I read that they should be in a tank at LEAST 1 gallon, is that accurate? I know those little cups they are in is so cruel, and even when some people put them in vases.

Also, is it true that they need a heater in their tank? I've read some conflicting information on that, but I would think warmer water would be better for them.

I think your fish are beautiful! Congrats on the new babies! Do the adults try and eat the babies? I once had Molly babies and had to separate them because the parents would try and eat them. lol


----------



## 08chrissy08 (Sep 19, 2008)

jenn78 said:


> Your fish are beautiful!
> My daughter, Lacey, she has a betta, his name is BlueBoy, she has had him for about 2.5 years now, and I know all about what you are talking about with the personality! Blueboy loves the camera, he is so funny, I go in with the camera to take pics and he will come to the side of his tank and watch and keep moving so I can get full side shots of him, so funny!
> Here are a couple pics I took tonight.


 
Aww, I like him. It's so funny how some of them are such show offs!


----------



## 08chrissy08 (Sep 19, 2008)

LJSquishy said:


> Oh my gosh, I LOVE this one!!! What is it called (the variety / coloring)? It is so weird that you posted about your bettas -- just about 2 weeks ago I started looking into purchasing one from online (hobbyists, not Petco or Walmart...lol).
> 
> I read that they should be in a tank at LEAST 1 gallon, is that accurate? I know those little cups they are in is so cruel, and even when some people put them in vases.
> 
> ...


Thanks! That boy is considered a halfmoon blue dragon. Dragons have thicker scaling them most bettas and are often very shiny, though the blues aren't. I'm hoping to get a spawn from that boy and a similar female. I have my fingers crossed!
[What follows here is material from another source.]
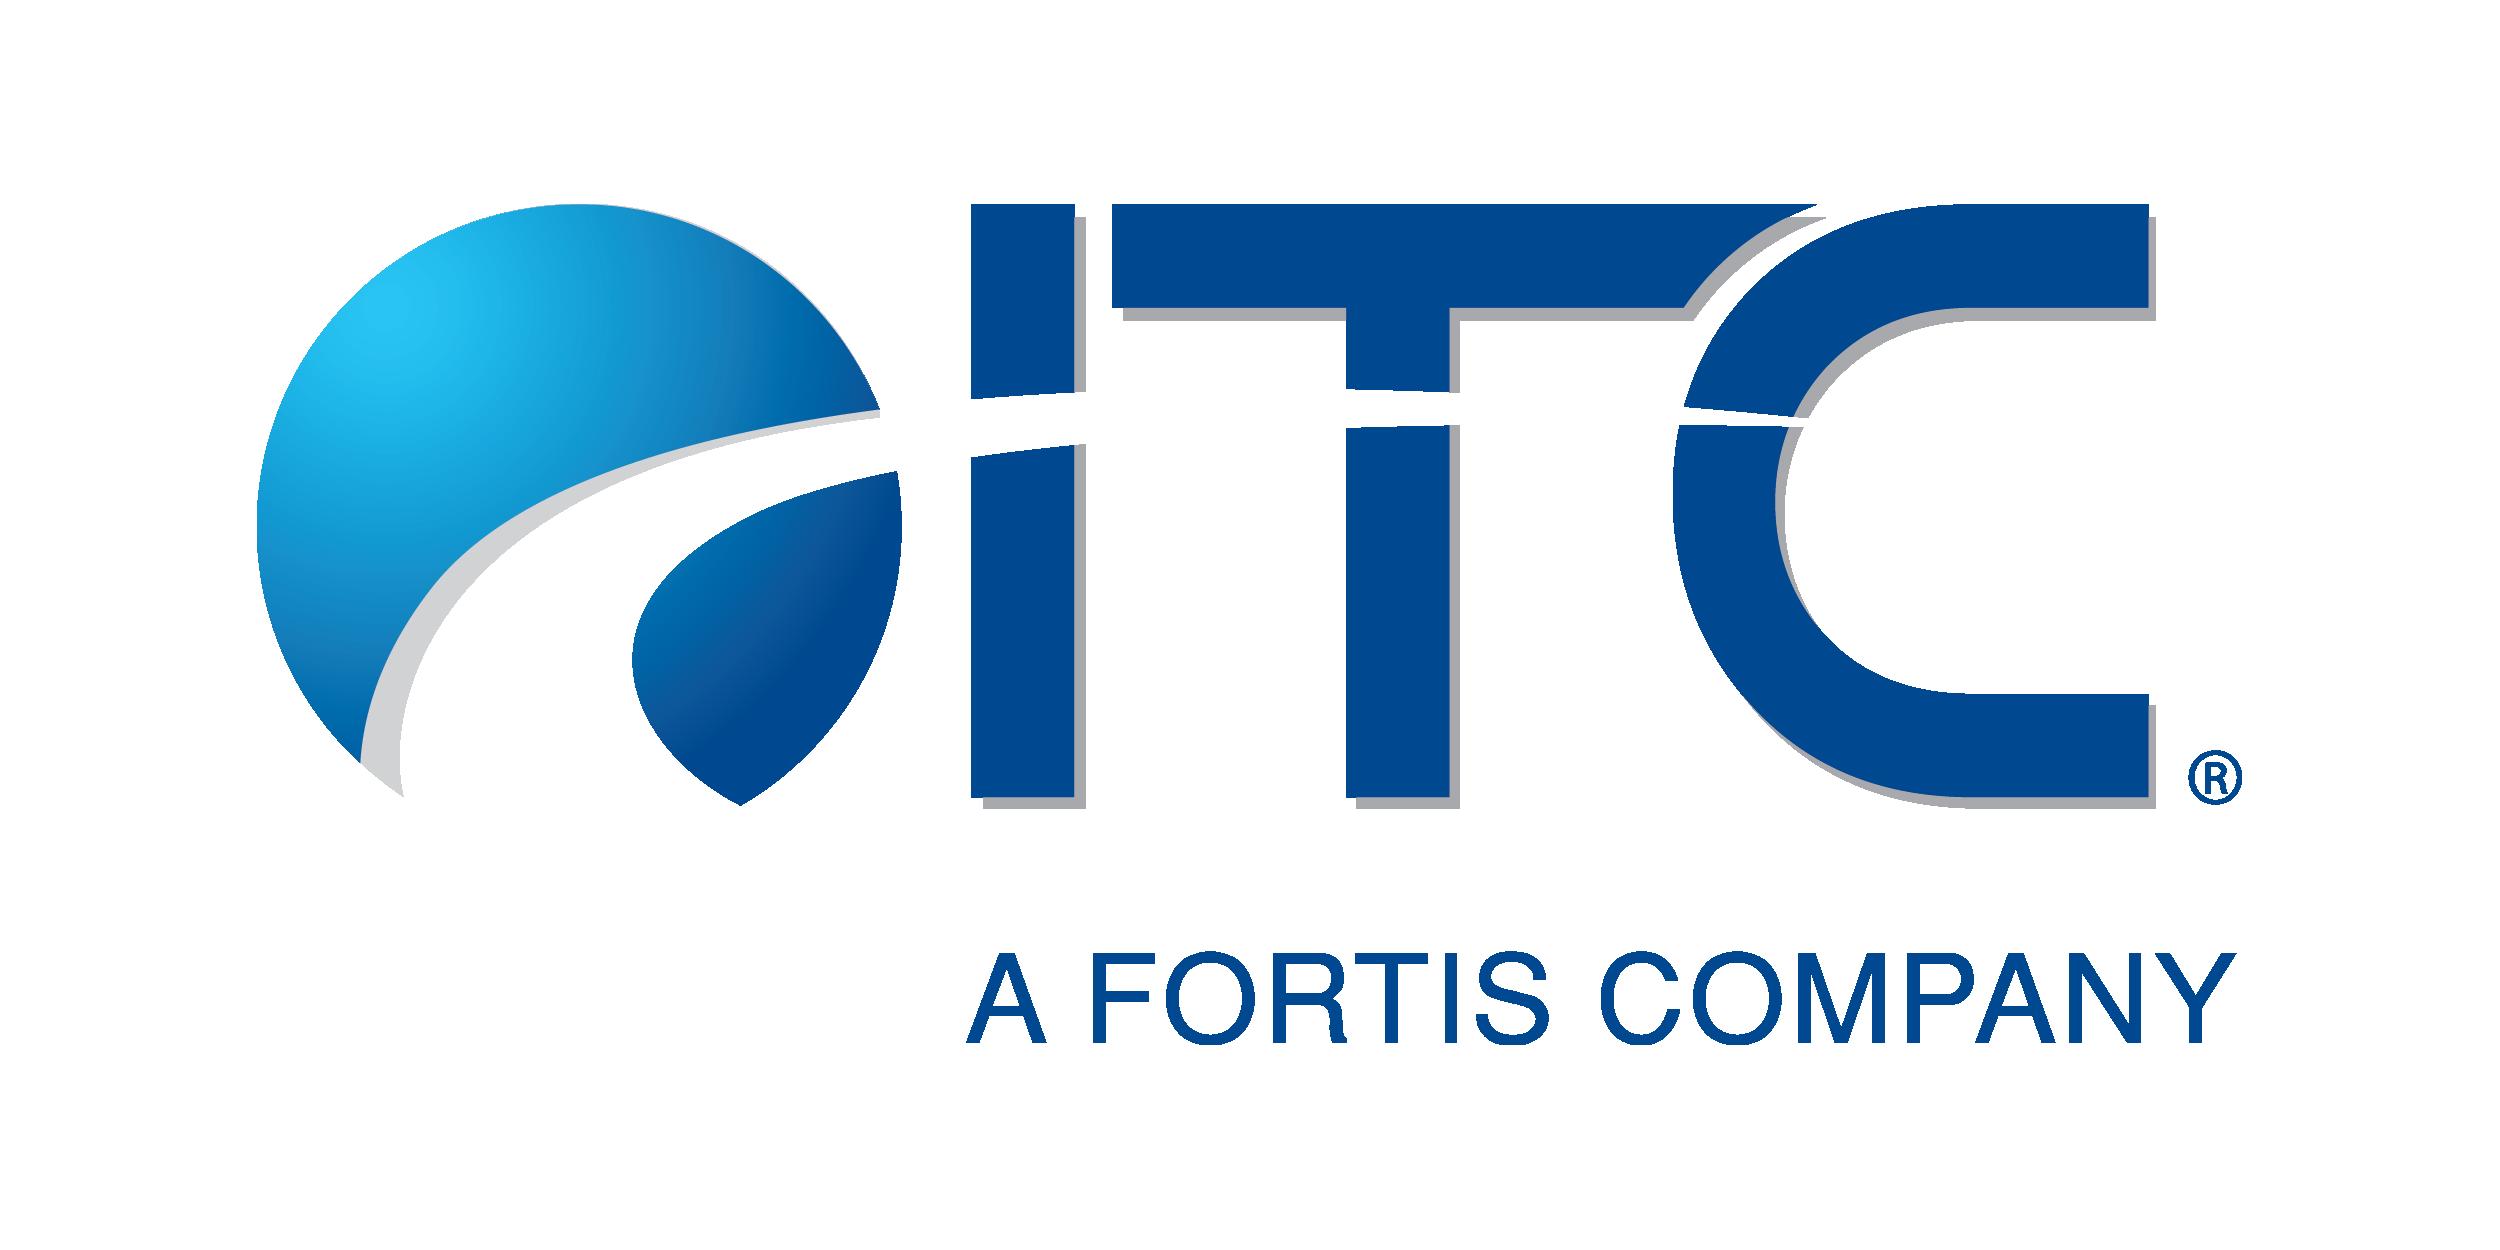 itc_fortis_logo_4c9ed0a27532376c5b9373ff64003dc3d8.png
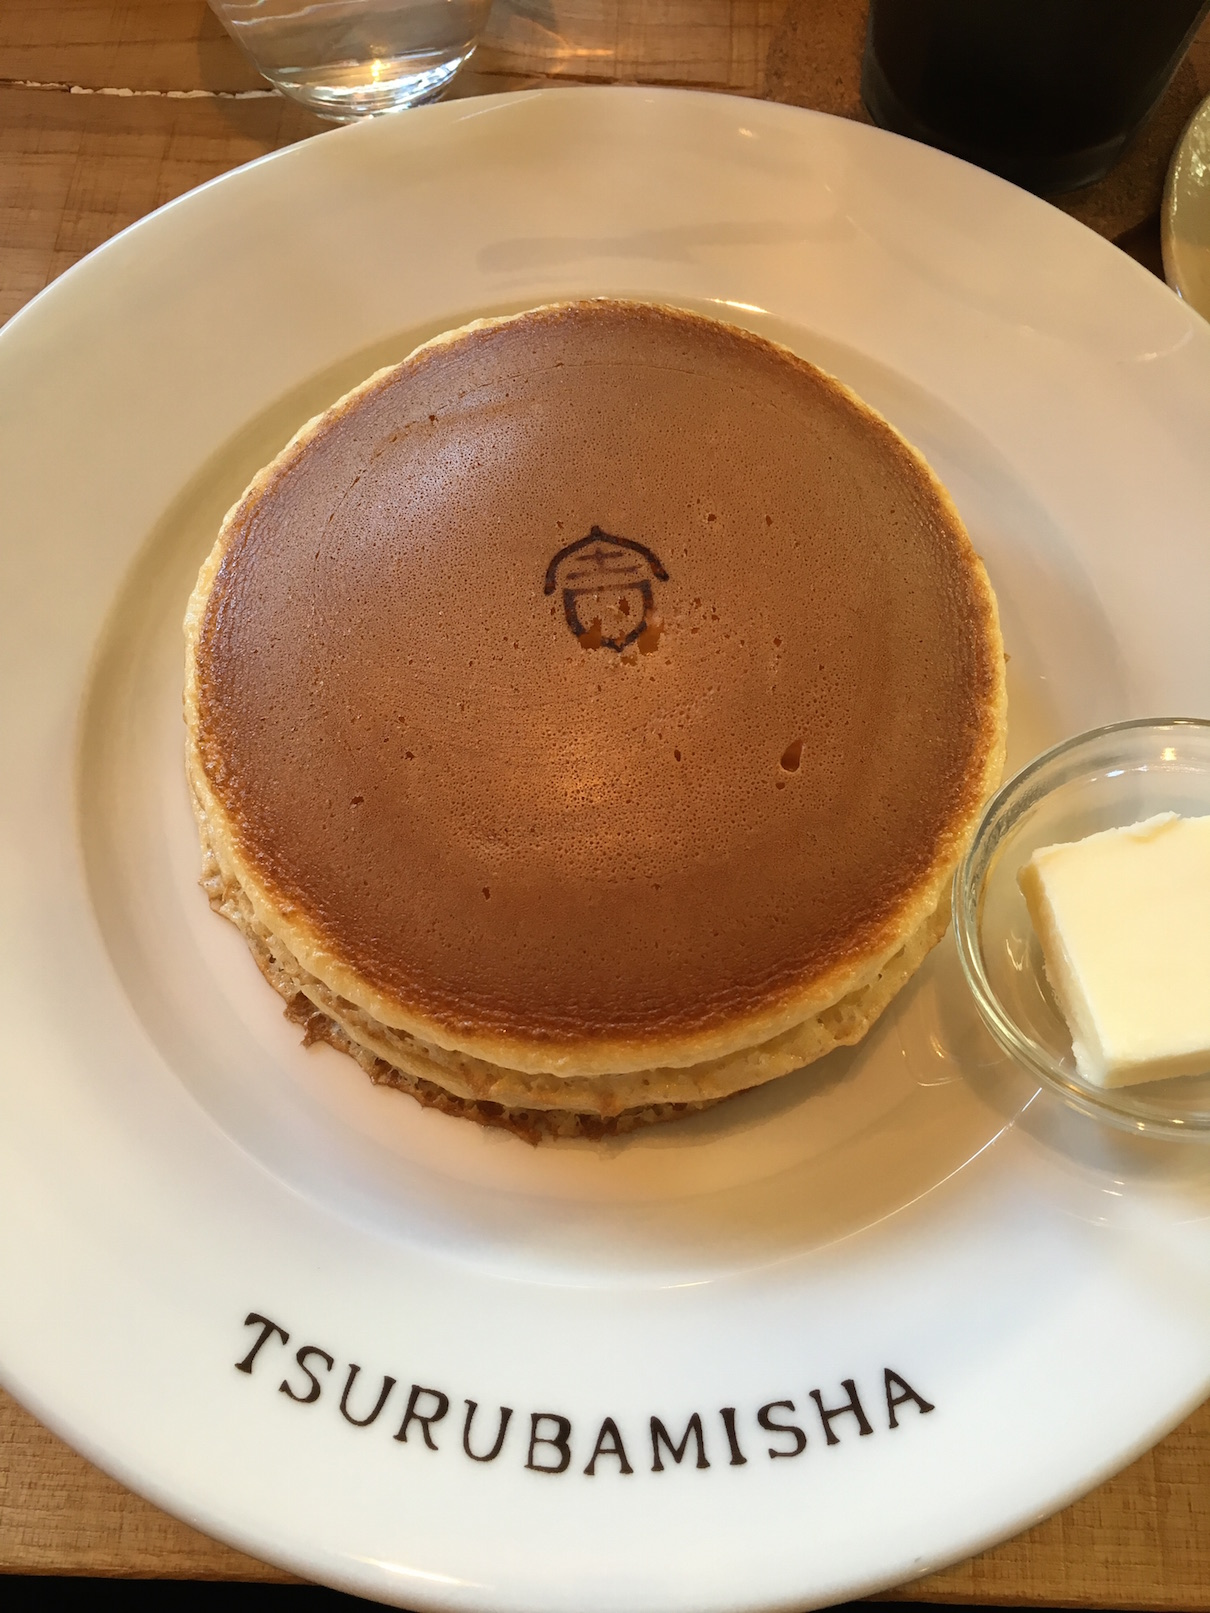 tsurubamisha_151018_2.jpg

I personally prefer at least a 2.5 gallon because they are easier to heat, but a 1 gallon can be acceptable if the water is kept very clean. They are actually considered tropical fish and do best with a heater.

Breeding bettas is pretty interesting. Once the nest is made and the female lays the eggs, she is removed and he tends the nest. Occasionally the male will eat eggs or fry, but it just depends on the male. As soon as the fry are free swimming, just a few days after hatching, the male is also removed.


----------



## CloudClan (Jan 31, 2007)

This all fascinates me. So glad you shared and I will look forward to following your success with your breeding/showing/raising these beautiful creatures.


----------



## iheartbisou (Feb 13, 2007)

Wow- I just learned a lot about these fish from this thread! Thanks. Are Bettas the same as Siamese Fighting Fish? If so, do they come from Thailand?


----------



## The A Team (Dec 1, 2005)

You fish are gorgeous! I've always enjoyed betas. Had one once, his name was Mr. Fish. He did live in a small container for maybe three years:blush: but I didn't know they needed more space. Mr. Fish actually knew the routine, every other day I'd switch him to his other bowl with fresh water, I tilted the two bowls toward each other and he knew to swim over the top into the other container. Mr. Fish was a very smart little guy...and quite the looker too :wub:.....but not as beautiful as yours, of course. He died when my husband forgot to bring him outside when he set off a flea fogger in the house :smilie_tischkante::smcry: That was like 25 years ago, I still can't believe how hard I took his death.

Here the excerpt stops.